过纠率:正确的句子被改错的比率(FAR=正确句子被错纠的个数/正确句子个数);召回率:错误的句子被全部纠正的比率。较大的过纠率将会对系统和用户体验带来负面效果。因而,纠对句子数量远远大于被改错句子的数量,如果句子出错概率是K,则K*RECALL>>(1-K)*FAR。

github1,并不是说有了huggingface就可以拿来用,关键是在此基础上进行修改和设计模型,fine-tune,这才是水平和能力。

2,掩蔽词masked language model

from transformers import pipeline
unmasker = pipeline('fill-mask', model='bert-base-uncased')
unmasker("what a [MASK] blog.")
[{'score': 0.32585206627845764, 'token': 2307, 'token_str': 'great', 'sequence': 'what a great blog.'}, {'score': 0.04082264378666878, 'token': 3376, 'token_str': 'beautiful', 'sequence': 'what a beautiful blog.'}, {'score': 0.040087465196847916, 'token': 8403, 'token_str': 'lovely', 'sequence': 'what a lovely blog.'}, {'score': 0.03804076090455055, 'token': 6919, 'token_str': 'wonderful', 'sequence': 'what a wonderful blog.'}, {'score': 0.028535649180412292, 'token': 2204, 'token_str': 'good', 'sequence': 'what a good blog.'}]
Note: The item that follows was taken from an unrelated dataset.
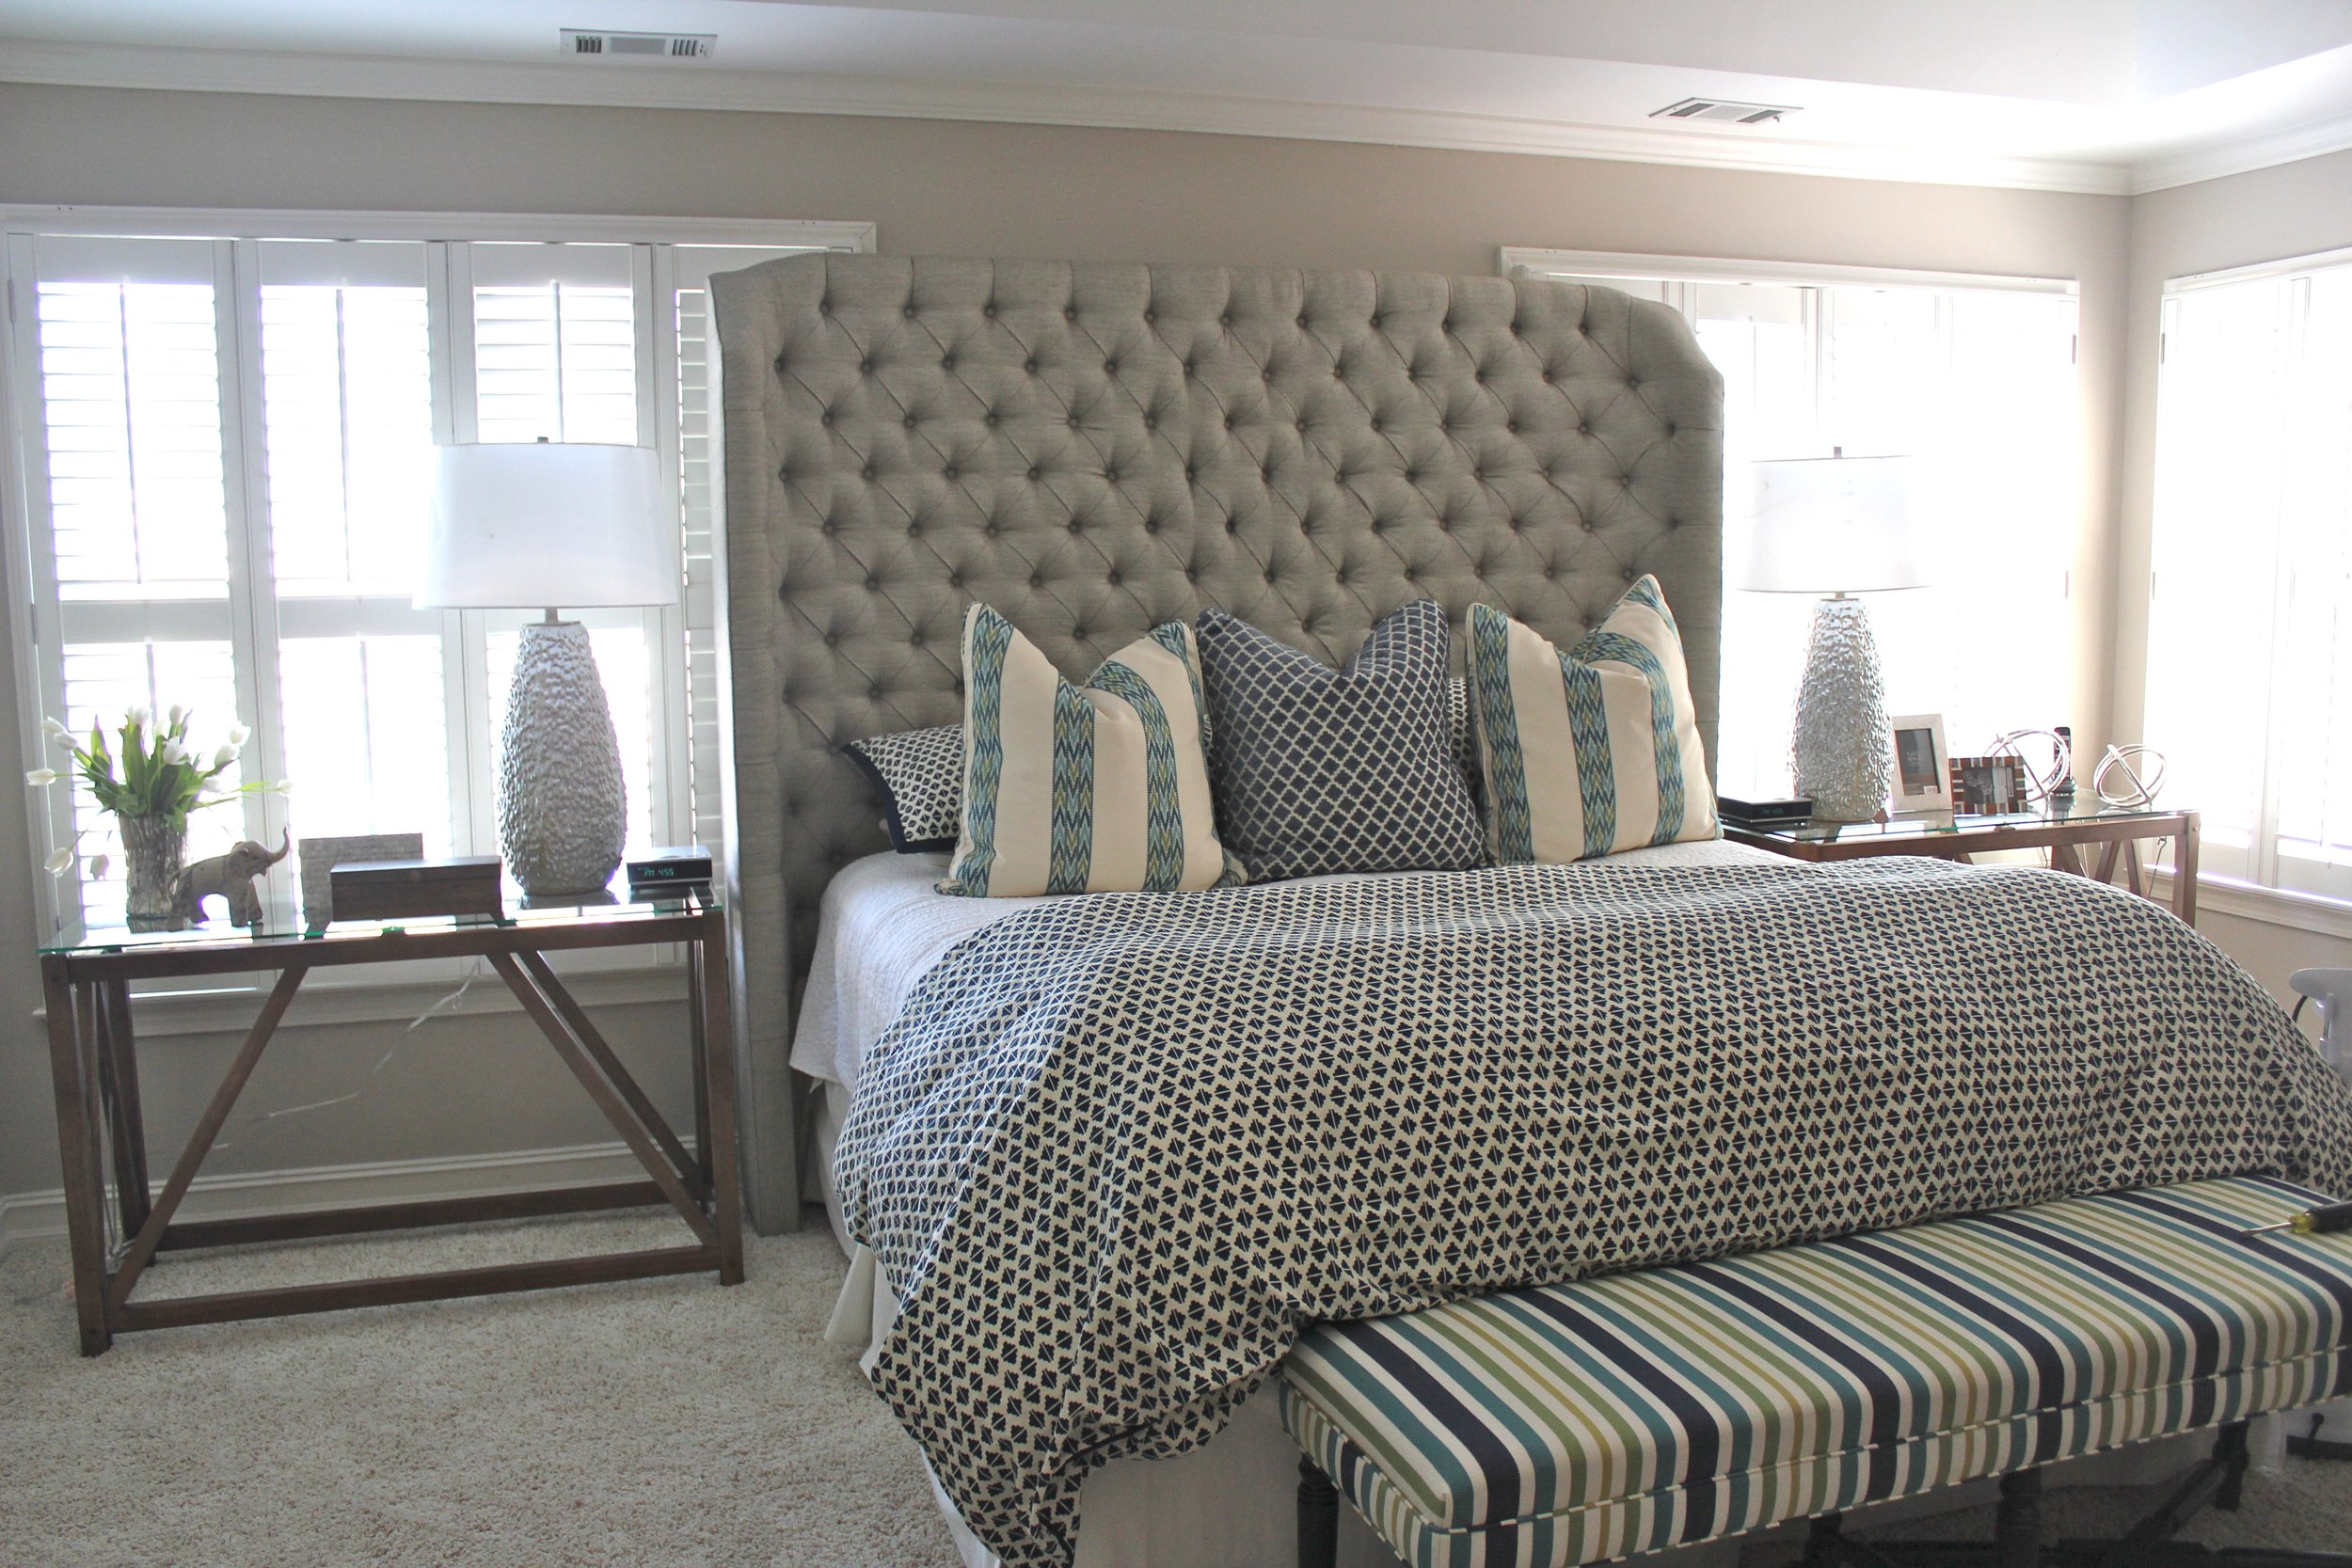 Dayka Robinson Custom Tufted 8'  wraparound headboard bedroom.jpg

获得sentence embedding,当然也有sentence Transform那个库,这里也可以的。

from transformers import BertTokenizer, BertModel
tokenizer = BertTokenizer.from_pretrained('bert-base-uncased')
model = BertModel.from_pretrained("bert-base-uncased")
text = "what a great blog I have seen."
encoded_input = tokenizer(text, return_tensors='pt')
output = model(**encoded_input)
output.pooler_output#(1,768)
output.last_hidden_state.shape
torch.Size([1, 12, 768])

3,实体词识别NER

先说分词,这是基本操作,模型是上面的uncased,wordpiece级别分词

from transformers import AutoTokenizer
tokenizer = AutoTokenizer.from_pretrained("bert-base-uncased")
sentence = "what a great blog I have seen in China!"
tokens = tokenizer.tokenize(sentence)
>>> tokens
['what', 'a', 'great', 'blog', 'i', 'have', 'seen', 'in', 'china', '!']
#全部改成了小写
ids=tokenizer.convert_tokens_to_ids(tokens)
>>> ids
[2054, 1037, 2307, 9927, 1045, 2031, 2464, 1999, 2859, 999]
strings=tokenizer.decode(ids)
>>> strings
'what a great blog i have seen in china!'

采用cased模型,当然其中的ids也不同,因为训练数据不同,那么词表也不同,故而ids不同

tokenizer = AutoTokenizer.from_pretrained("bert-base-cased")
。。。
>>> tokens
['what', 'a', 'great', 'blog', 'I', 'have', 'seen', 'in', 'China', '!']
>>> ids
[1184, 170, 1632, 10679, 146, 1138, 1562, 1107, 1975, 106]
>>> strings
'what a great blog I have seen in China!'

NER 实体识别就是实体分类(entity token classification)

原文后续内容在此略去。